MANGUEIRA ESTAÇÃO PRIMEIRA DE BETHÂNIA Em 2018, uma das mais, se não a mais, tradicionais escolas de samba cariocas decide homenagear Bethânia – a ainda menina Berré, dos olhos de Iansã. Bethânia revela insegurança, receio, espanto, mas logo rende-se à Jamelão e ao Rio Vermelho. Vê-se, na avenida, uma reverência não apenas à cantora, mas, sobretudo, ao orixá que lhe guiou até ali. Na comissão de frente quem vem é Iansã, Oyá, rodando sua enorme saia vermelha, seu bustiê carmim, chacoalhando seu florim, forjando a sua espada e dando espaço para que a vida de sua filha seja contada. Em seguida, elementos cênicos estampam Maria e o Menino Jesus, também fundamentais a uma filha de Oyá que respeita a pluralidade da religiosidade brasileira, que tem “Jesus, Maria e José e todos os pajés em sua companhia”. 59 53
O MITO DE IANSÃ NO RITO DE MARIA Waly Salomão, poeta baiano e amigo de Maria, saberia, talvez, explicar a íntima relação entre um orixá e seu filho. Em poema intitulado “Linha de Fronteira” diz: “Agora, entre o meu ser e o ser alheio, a linha de fronteira se rompeu”. Em outras palavras, as de Mãe Menininha do Gantois, a pessoa vai se tornando cada dia mais parecida com o orixá que a rege. E isso faz todo o sentido, pois como já afirmara o importante estudioso das religiões Mircea Eliade, “o homem só se torna verdadeiro homem conformando-se ao ensinamento dos mitos, imitando os deuses”. Oyá-Bethânia, uma amálgama de mitos e ritos que ganhara o carnaval carioca deste ano graças a sua linha de fronteira rompida, graças à sua gloriosa imitação de uma guerreira vermelha como sangue.

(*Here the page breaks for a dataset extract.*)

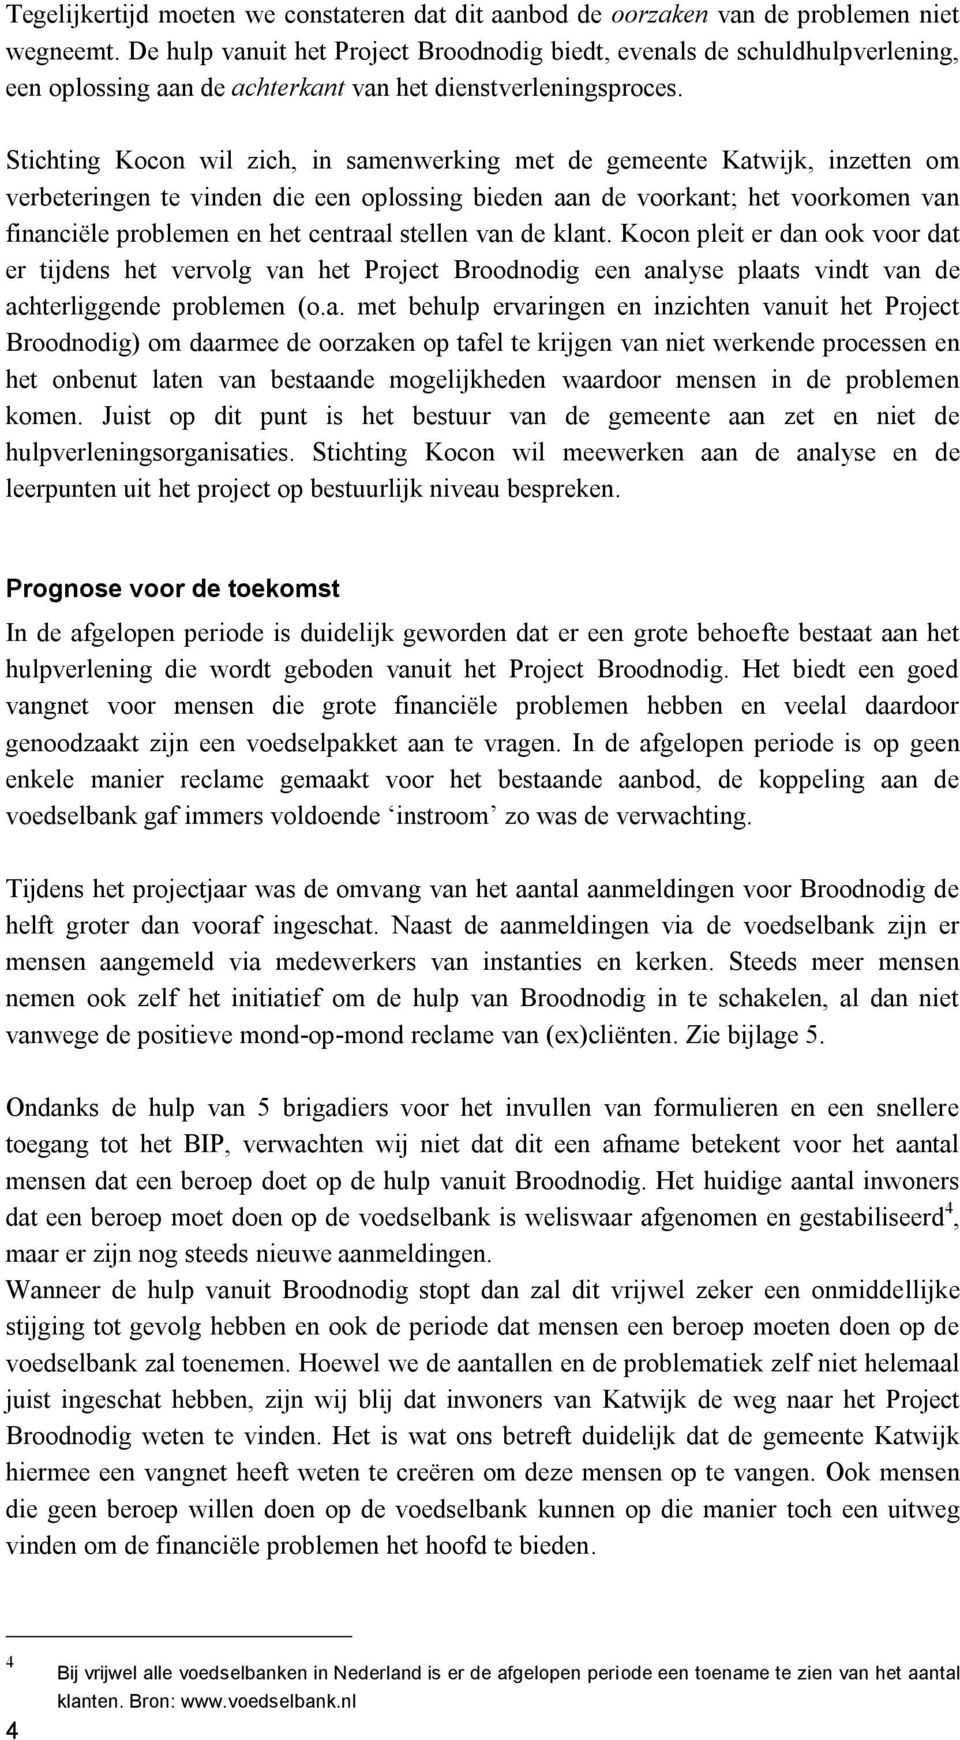 Stichting Kocon wil zich, in samenwerking met de gemeente Katwijk, inzetten om verbeteringen te vinden die een oplossing bieden aan de voorkant; het voorkomen van financiële problemen en het centraal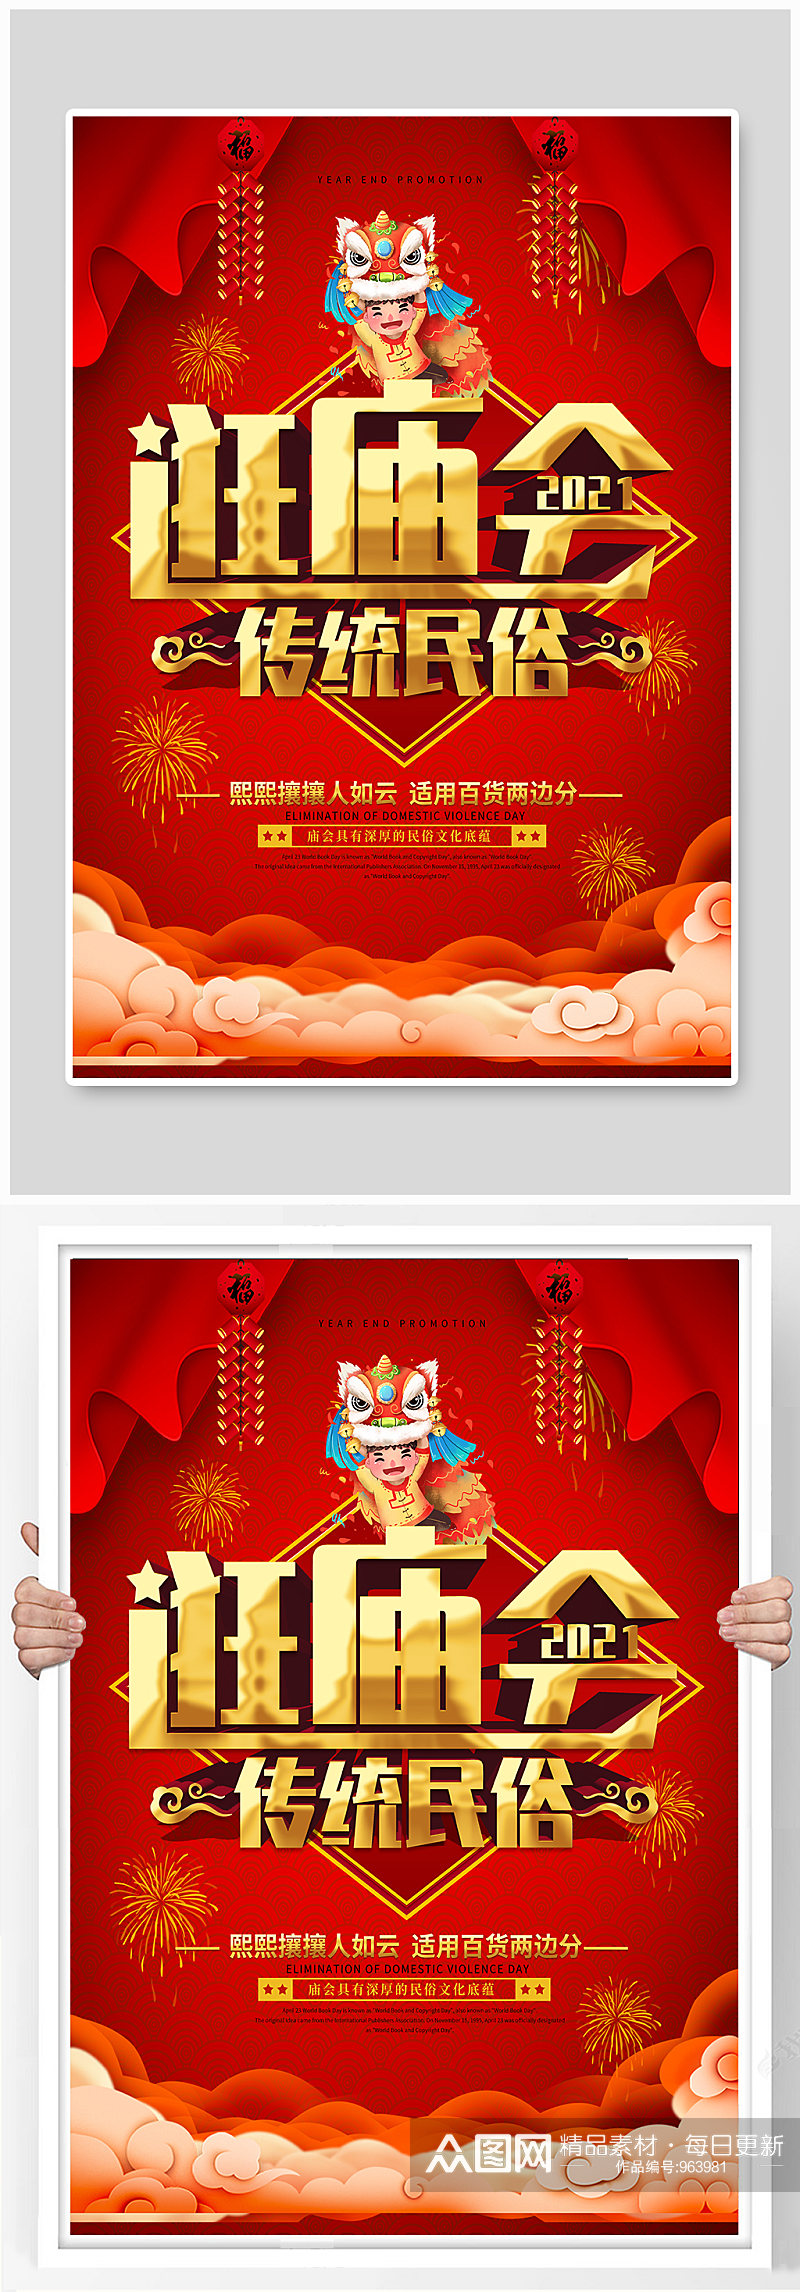 中国风传统逛庙会喜庆宣传海报素材

MANGUEIRA E BETHANIA NINANDO GENTE GRANDE 2019: ano eleito pela Estação Primeira de Bethânia, a Mangueira, para (re)contar a História. “Desde 1.500 tem mais invasão do que descobrimento”. “Tem sangue retinto pisado atrás do herói emoldurado”. “Eu quero um país que não está no retrato”. Bethânia, a intérprete do Brasil que saúda sempre que pode os poetas populares, que destaca em sua interpretação os interiores do Brasil, que orgulha-se de seu fevereiro em Santo Amaro (“Trabalhei o ano inteiro na estiva de São Paulo só pra passar fevereiro em Santo Amaro”), que louva Nossa Senhora e Iansã, não poderia ser porta-voz de uma história oficial. Tornou-se, então, representante da história do morro. 60 54
A VERDADEIRA FACE DE JESUS, FILHO DE MARIA E DE MANGUEIRA Em 2020, olhando para a frente mas não esquecendo do que ficou para trás, a Estação Primeira quer falar do Jesus da Gente. O samba-enredo, a partir da voz narrativa do Menino, questiona: “Mas será que todo povo entendeu o meu recado?”. Falando dos profetas intolerantes, a Mangueira atinge o ponto principal do debate sobre a intolerância religiosa, que por meio da “guerra contra o diabo” neopentecostal, mata a essência humana e amorosa de Jesus Cristo, apontando o dedo para os orixás, voduns, inkisis e entidades, riquezas ancestrais da cultura afro-brasileira. Um cutuque na favela (para garantir a revolução): “Favela, pega a visão, não tem futuro sem partilha nem Messias de arma na mão!”.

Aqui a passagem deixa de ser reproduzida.